**Dataset records**
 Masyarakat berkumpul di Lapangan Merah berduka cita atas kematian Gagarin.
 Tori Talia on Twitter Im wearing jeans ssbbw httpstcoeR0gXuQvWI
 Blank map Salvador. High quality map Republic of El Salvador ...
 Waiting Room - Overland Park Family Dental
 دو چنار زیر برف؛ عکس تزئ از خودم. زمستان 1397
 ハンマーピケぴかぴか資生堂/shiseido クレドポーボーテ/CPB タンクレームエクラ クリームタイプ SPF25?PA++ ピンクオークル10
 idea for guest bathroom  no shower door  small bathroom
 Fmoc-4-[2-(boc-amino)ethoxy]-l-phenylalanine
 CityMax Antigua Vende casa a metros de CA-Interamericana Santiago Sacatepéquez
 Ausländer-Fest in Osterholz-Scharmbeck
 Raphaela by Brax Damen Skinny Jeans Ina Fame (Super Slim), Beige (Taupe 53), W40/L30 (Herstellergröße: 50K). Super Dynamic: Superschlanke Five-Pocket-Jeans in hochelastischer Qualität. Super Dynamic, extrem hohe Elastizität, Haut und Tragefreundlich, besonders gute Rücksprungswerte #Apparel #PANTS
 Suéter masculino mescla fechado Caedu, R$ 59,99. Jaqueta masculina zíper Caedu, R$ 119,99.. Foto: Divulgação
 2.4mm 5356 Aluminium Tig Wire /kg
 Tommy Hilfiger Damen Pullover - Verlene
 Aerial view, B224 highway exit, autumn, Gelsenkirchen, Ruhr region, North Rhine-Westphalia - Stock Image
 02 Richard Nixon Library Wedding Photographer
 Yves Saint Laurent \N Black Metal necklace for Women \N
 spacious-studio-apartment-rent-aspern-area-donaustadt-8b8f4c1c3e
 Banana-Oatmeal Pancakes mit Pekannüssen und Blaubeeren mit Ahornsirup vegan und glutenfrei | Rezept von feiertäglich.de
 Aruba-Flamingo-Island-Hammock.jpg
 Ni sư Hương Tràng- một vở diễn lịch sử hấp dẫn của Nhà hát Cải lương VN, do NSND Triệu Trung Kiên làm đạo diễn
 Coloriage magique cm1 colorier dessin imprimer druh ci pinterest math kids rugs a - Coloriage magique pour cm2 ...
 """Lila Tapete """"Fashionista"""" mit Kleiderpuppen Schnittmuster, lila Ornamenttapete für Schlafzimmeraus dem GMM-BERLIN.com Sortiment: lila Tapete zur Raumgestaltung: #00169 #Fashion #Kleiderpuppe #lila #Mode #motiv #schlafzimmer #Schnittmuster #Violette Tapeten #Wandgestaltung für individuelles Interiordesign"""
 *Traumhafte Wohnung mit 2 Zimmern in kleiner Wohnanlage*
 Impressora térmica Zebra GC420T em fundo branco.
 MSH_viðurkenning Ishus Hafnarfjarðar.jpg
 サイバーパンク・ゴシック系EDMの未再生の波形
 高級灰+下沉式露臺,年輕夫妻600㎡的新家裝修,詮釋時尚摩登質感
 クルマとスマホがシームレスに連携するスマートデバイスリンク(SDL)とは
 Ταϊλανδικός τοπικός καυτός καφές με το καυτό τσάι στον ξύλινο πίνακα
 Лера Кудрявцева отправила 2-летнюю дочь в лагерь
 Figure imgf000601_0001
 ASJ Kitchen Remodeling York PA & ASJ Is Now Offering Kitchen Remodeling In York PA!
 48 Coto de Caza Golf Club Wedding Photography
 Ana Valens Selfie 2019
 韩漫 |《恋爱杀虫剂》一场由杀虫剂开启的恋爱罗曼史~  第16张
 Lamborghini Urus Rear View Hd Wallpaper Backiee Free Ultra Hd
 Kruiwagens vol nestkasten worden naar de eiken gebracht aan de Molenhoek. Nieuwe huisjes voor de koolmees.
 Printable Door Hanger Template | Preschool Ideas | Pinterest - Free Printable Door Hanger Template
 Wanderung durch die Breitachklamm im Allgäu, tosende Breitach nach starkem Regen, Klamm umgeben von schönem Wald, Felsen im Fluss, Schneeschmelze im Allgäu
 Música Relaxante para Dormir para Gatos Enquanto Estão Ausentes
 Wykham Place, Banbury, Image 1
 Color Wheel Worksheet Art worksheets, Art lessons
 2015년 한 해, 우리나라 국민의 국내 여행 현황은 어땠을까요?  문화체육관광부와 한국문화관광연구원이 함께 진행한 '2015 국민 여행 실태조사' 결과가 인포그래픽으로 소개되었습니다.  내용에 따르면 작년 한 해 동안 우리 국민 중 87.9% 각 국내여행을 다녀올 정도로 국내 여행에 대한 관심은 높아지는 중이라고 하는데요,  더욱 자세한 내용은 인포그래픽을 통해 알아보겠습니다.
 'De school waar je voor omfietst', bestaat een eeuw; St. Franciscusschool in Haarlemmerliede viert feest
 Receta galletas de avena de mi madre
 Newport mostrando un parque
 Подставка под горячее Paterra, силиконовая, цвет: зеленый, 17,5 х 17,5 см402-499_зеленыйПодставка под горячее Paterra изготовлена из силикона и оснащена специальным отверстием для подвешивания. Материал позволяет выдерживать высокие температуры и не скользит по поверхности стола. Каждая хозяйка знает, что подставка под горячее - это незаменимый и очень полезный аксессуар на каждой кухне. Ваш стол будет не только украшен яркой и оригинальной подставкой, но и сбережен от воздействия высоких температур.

**What you should do**
Check each line of the material for the string "Image", then state how many lines have it and nothing more.

**Solution**
2